Uganda, with the help of debt relief and increased aid, may have got 5 million extra children into school, but a significant number of them turn up with empty stomachs before they return home for their one meal a day. Meanwhile, their mothers’ health is worn down by inadequate nutrition as they exhaust themselves working their fields and providing for their children. Katine’s struggle with hunger is typical; a third of the population of sub-Saharan Africa is undernourished.

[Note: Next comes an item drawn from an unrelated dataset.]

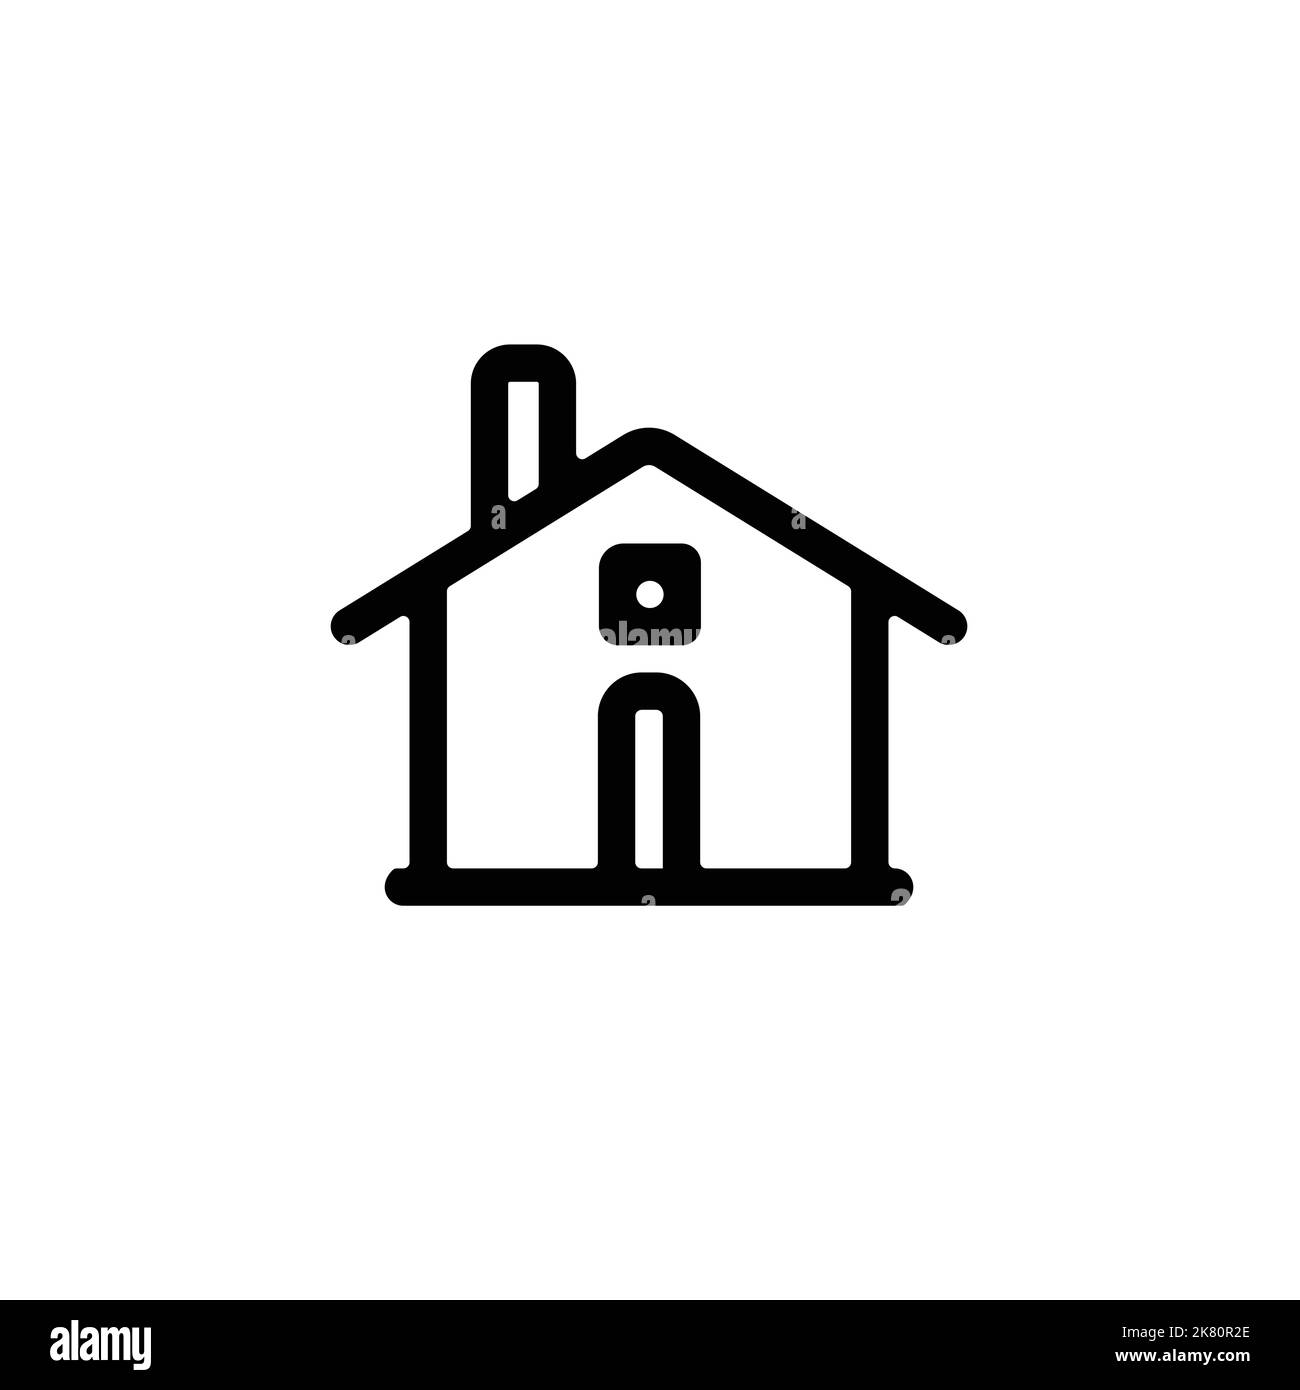 home , address icon, logo type in outline shape vector illustration on white isolated background. Stock Vector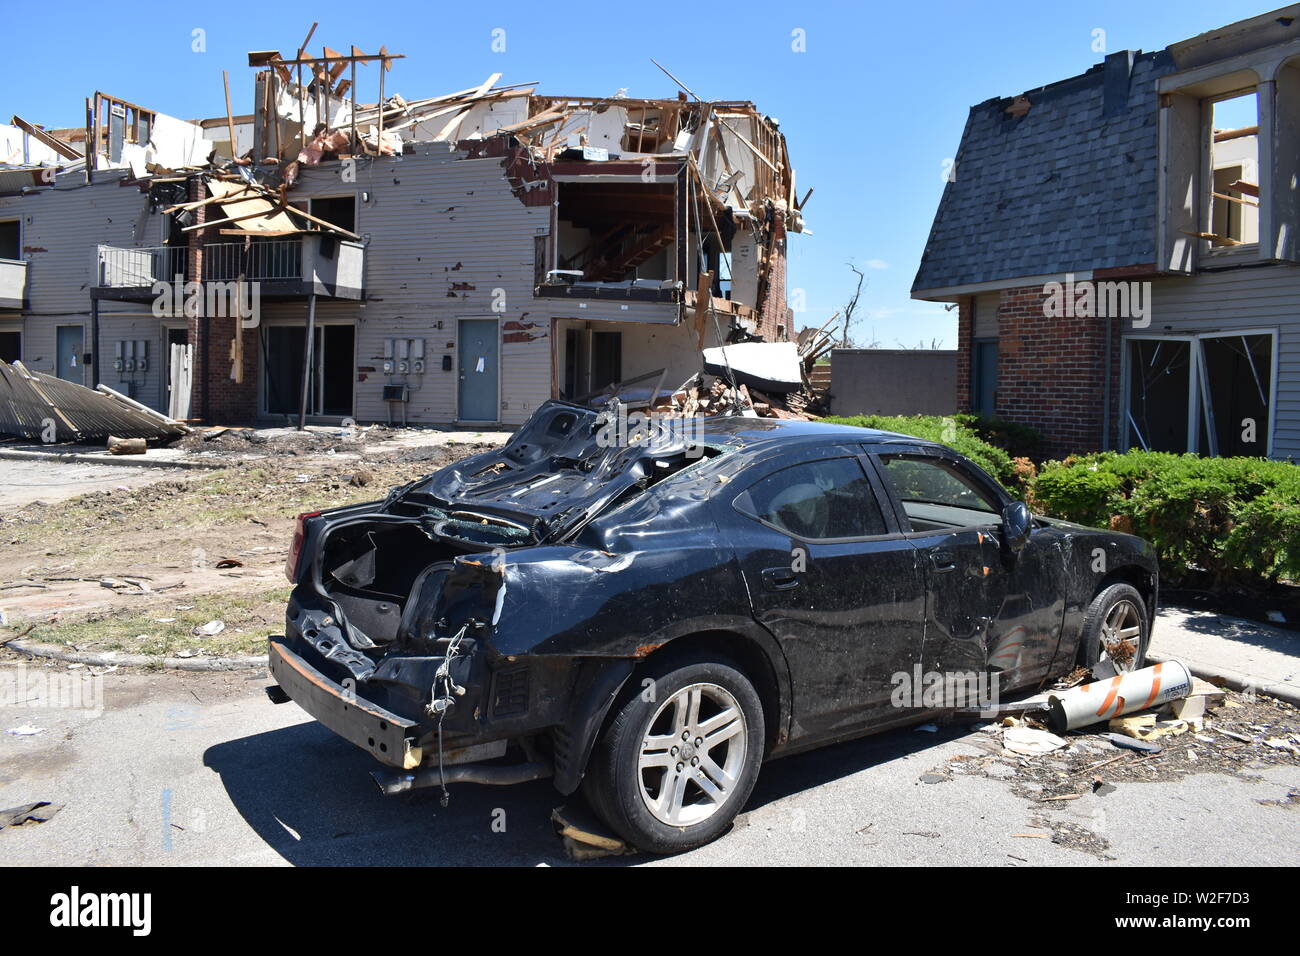 Tornado damaged that occurred on May 27, 2019 in the Dayton, Ohio vicinity Stock Photo

In recent years, headlines have been dominated by the western plague of obesity, but now hunger has re-emerged to take prominence in the minds of global decision-makers. The spike in food prices has mobilised much-needed attention — there is nothing like the threat of hunger prompting rioting and political instability to focus politicians’ minds. There is nothing like rising food prices to prompt Malthusian panic about need outstripping food supply. The food-price spike is laced with a particular guilt as biofuels snatch food from the mouths of hungry babies to feed SUV fuel tanks, and richer countries’ taste for meat gobbles up global grain supplies. But what is arguably the biggest cause of Africa’s failure to feed its peoples is monumental economic incompetence, and self-interest on the part of western donors and advisers.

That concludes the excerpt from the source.